If it was graded right. Lightweight aggregate (expanded shale), is not easy to get, much less request graded for a small, small amount. The product branded as Maximizer does use lightweight aggregate, but it is graded for concrete, i.e. fines to 3/8". I have some ground somewhere in the yard, I will see if I can find the chunk.


----------



## Tscarborough (Feb 25, 2006)

Nope, can't find it in the dark. It doesn't look right for the bigger agg anyway, it is "ringed" when ground.


----------



## concretemasonry (Dec 1, 2006)

If you have a source for expanded clay or shale, try to find an uncrushed natural fines aggregate (rounded) that is clean or could be washed more for casting. It is tough to find to find and is costly, but the amount needed is really pretty small and not a major cost factor, and the use can be learned.
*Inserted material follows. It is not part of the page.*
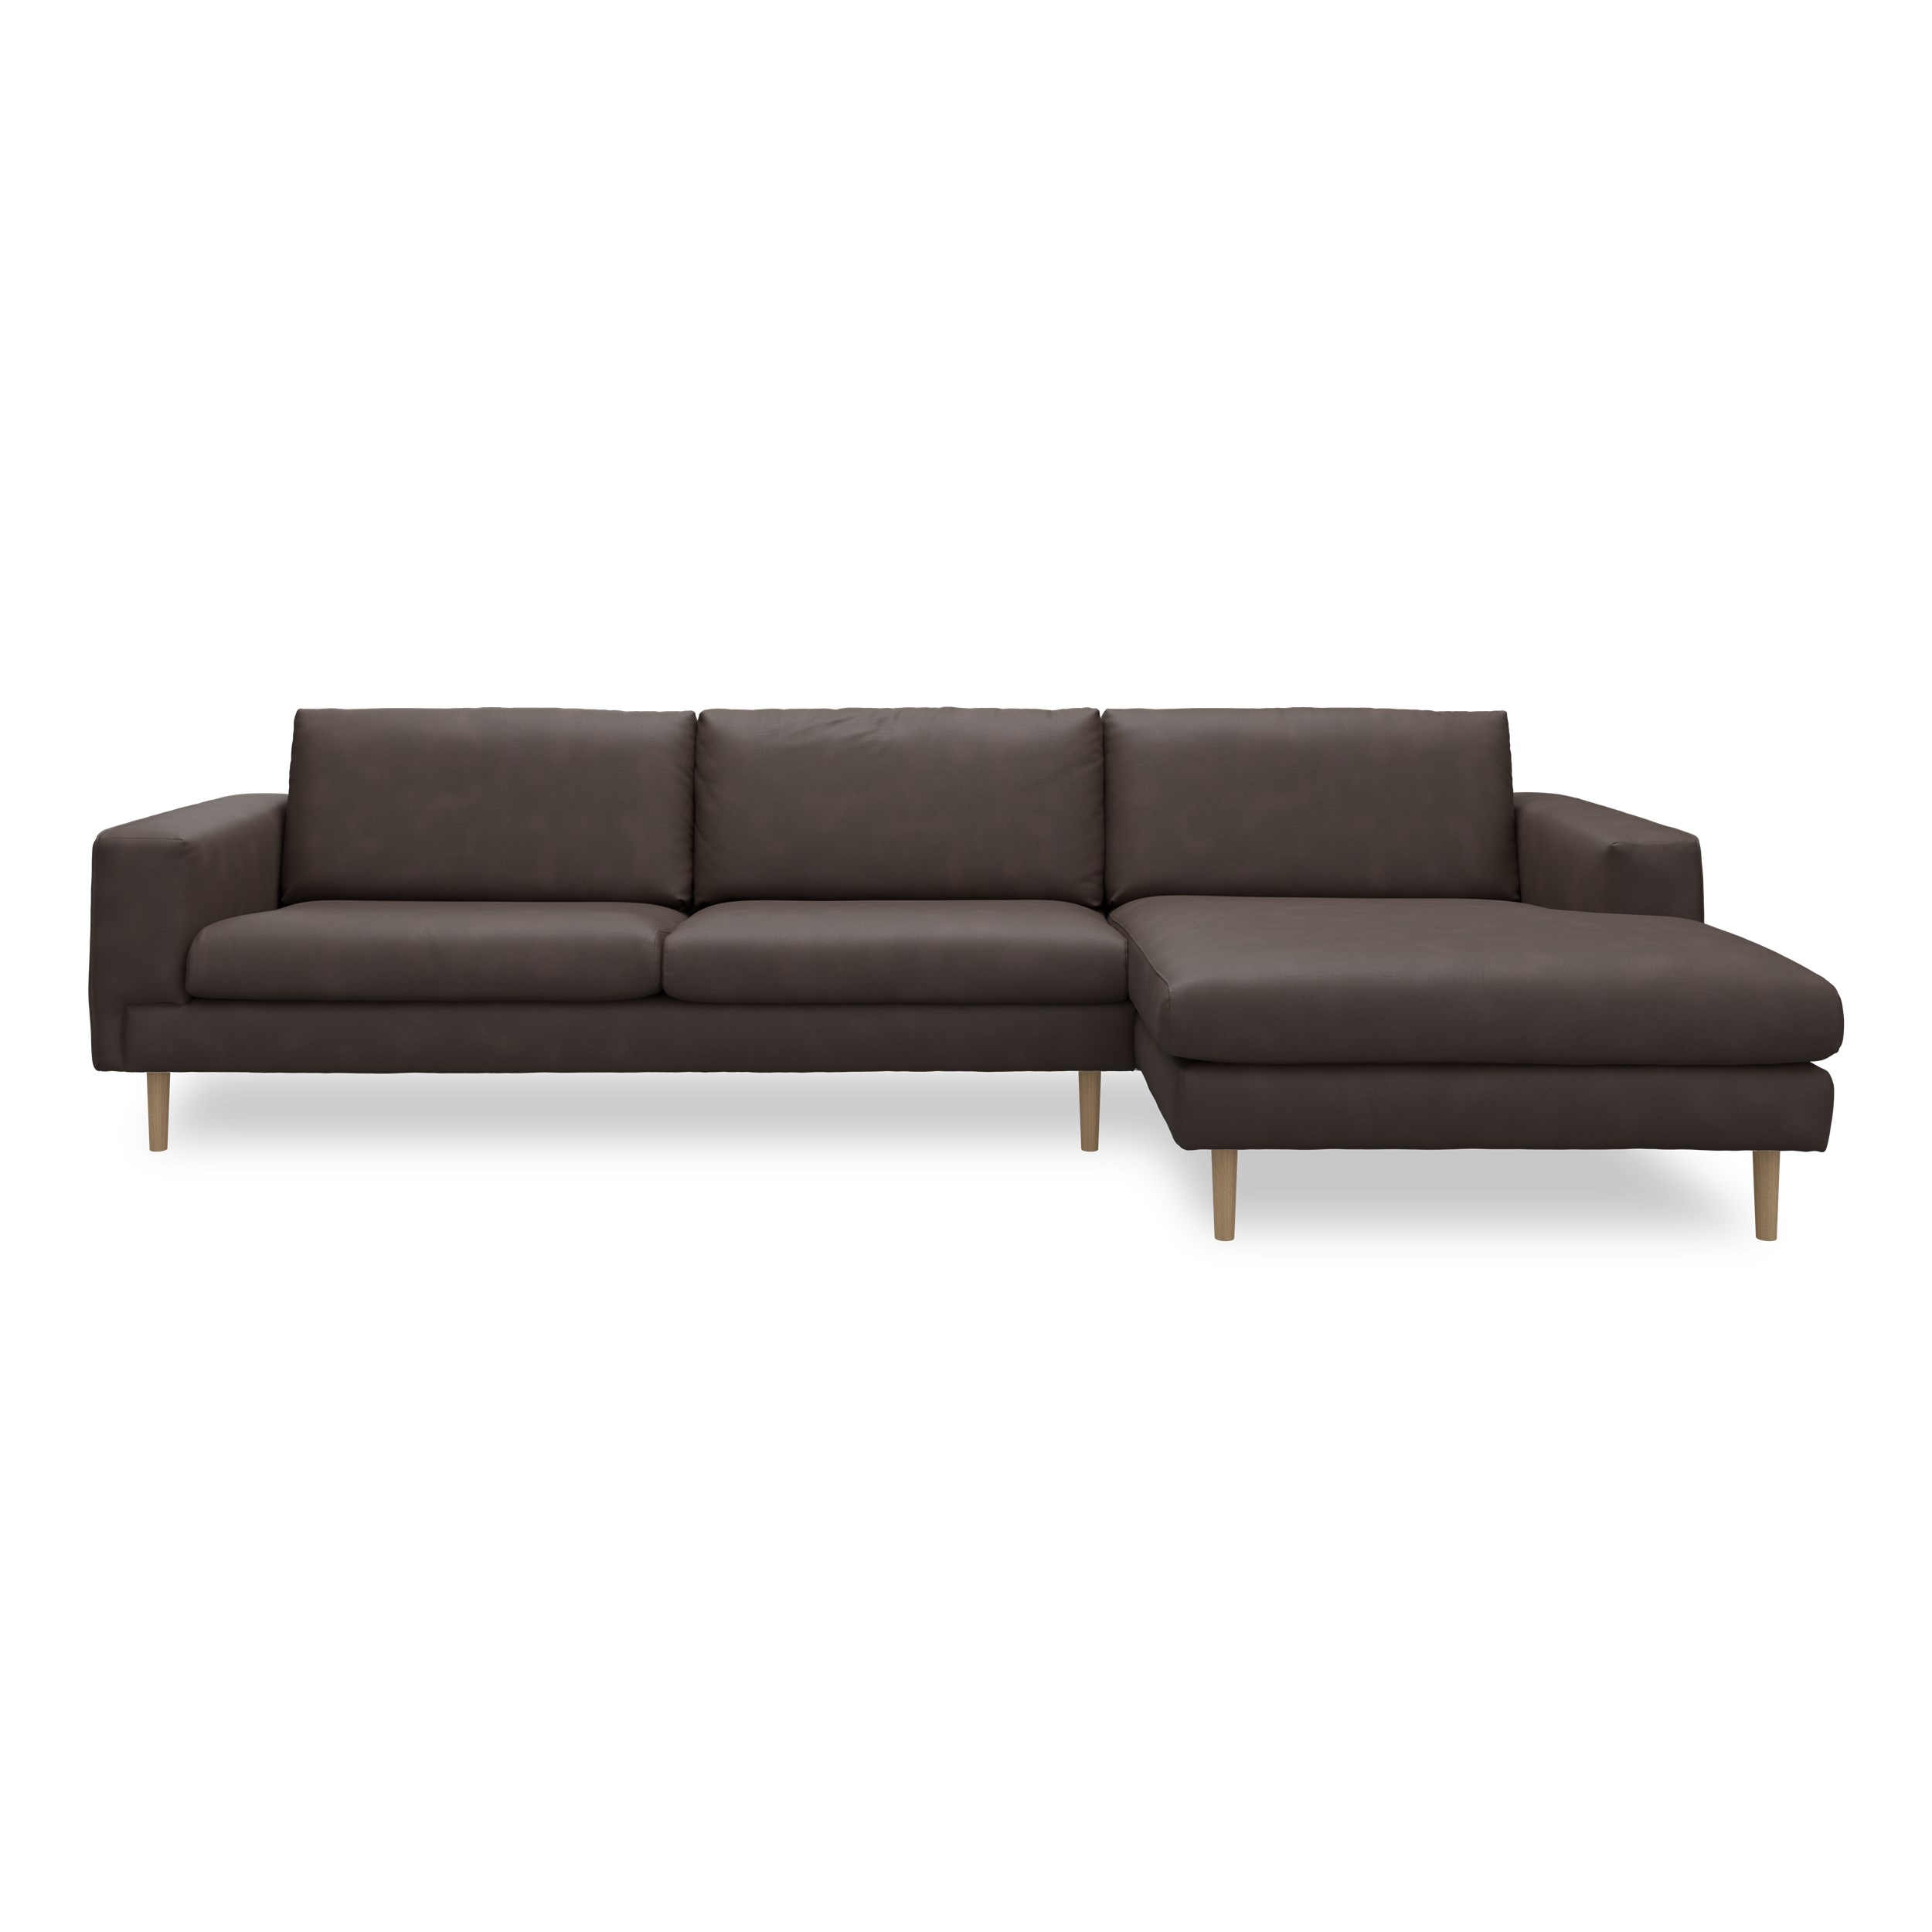 Nyland højrevendt sofa med chaiselong - Kentucky 1 earth bonded læder, Ben no. 141 i lakeret massiv eg og S: Pocketfjedre/koldskum R: Koldskum med fiberfyld

I have found this at the plants from the old (epanded rotary kiln shale ot clay) Arkalite and Gravelite plants near West Baton Rouge, LA and West Memphis, AR (now probably Olcastle plants now) a number of years ago. Very good, but saturate it in water for a day or two before using because the absorption is very low and very sloooow. It is rounded, so it can pull out easily, but is great when bonded into the matrix before grinding.


----------



## CONCRETE MIKE (Jan 11, 2010)

jgray152 said:


> has anyone ever attempted to use pea stone crushed granite with concrete to make a faux granite step or walkway?
> 
> I am in the process of making some samples for practice and so far i am running into a few issues.
> 
> ...


use expose on the surface of the concrete, cover with 6 mill plastic and wash off with water, use floor broom that will expose the surface easy. Ask the cement supplier if the have type i or type iii cement , that concrete is usually white, but type iii goes very fast (astm c 150). The gray or tan color of ordinary portland cements depends mosty on the amount of iron in the cement. White portland cement is made with selected raw materials containing very little iron or manganese oxides-the substances that give the typical gray color. Hope this helps


----------



## Tscarborough (Feb 25, 2006)

I was in Marble Falls today and got a (crappy) phone pic of the granite I was trying to emulate:


----------



## Tscarborough (Feb 25, 2006)

The sample:


----------



## Ohio Mason (Dec 22, 2009)

*advise*

hi I do terrazzo for a living, and what your trying to do is making a piece of precast terrazzo. With that being said you can only come close to looking like granite, because granite doesn't have a binder like cement or epoxy your not going to get it as tight looking, you can come close by using a range of sizes in your pour. Smaller chips fill voids between larger chips making it look tighter. Also matching cement color to the chips will make it look tighter. If you want to match the color above, I would add some black color to the terra cotta, a little black goes far, be careful. The mix should be 1.5 to 1.75 parts chips to 1 part cement, you can add acryl but you don't need it. after you pour it in your form let it get firm but not hard, you need to sprinkle more chips on top, an even thin layer. Punch the chips into the cement and trowel smooth. you need be sure the top is flat, no dips. Let it set til it gets a little harder, take a wet sponge and dab off the cement on top, and close it back up with your trowel. any dips in the top means more grinding so the better the job you do the easier it is later. Cover with plastic for a day, uncover, wet it and wait one more day to grind. You really need to give cement 2 days to cure to grind. Adding calcium isn't going to give you a better job so why do it. for the face I would cut it on a saw to give a clean straight square front. grout the pin holes with straight cement and acryl polish the next day an seal with a solvent based sealer. Good luck


----------



## jgray152 (Oct 4, 2009)

Wow Thanks for the information folks! :thumbup:

Once the warmer weather comes around I will start up on this again.


----------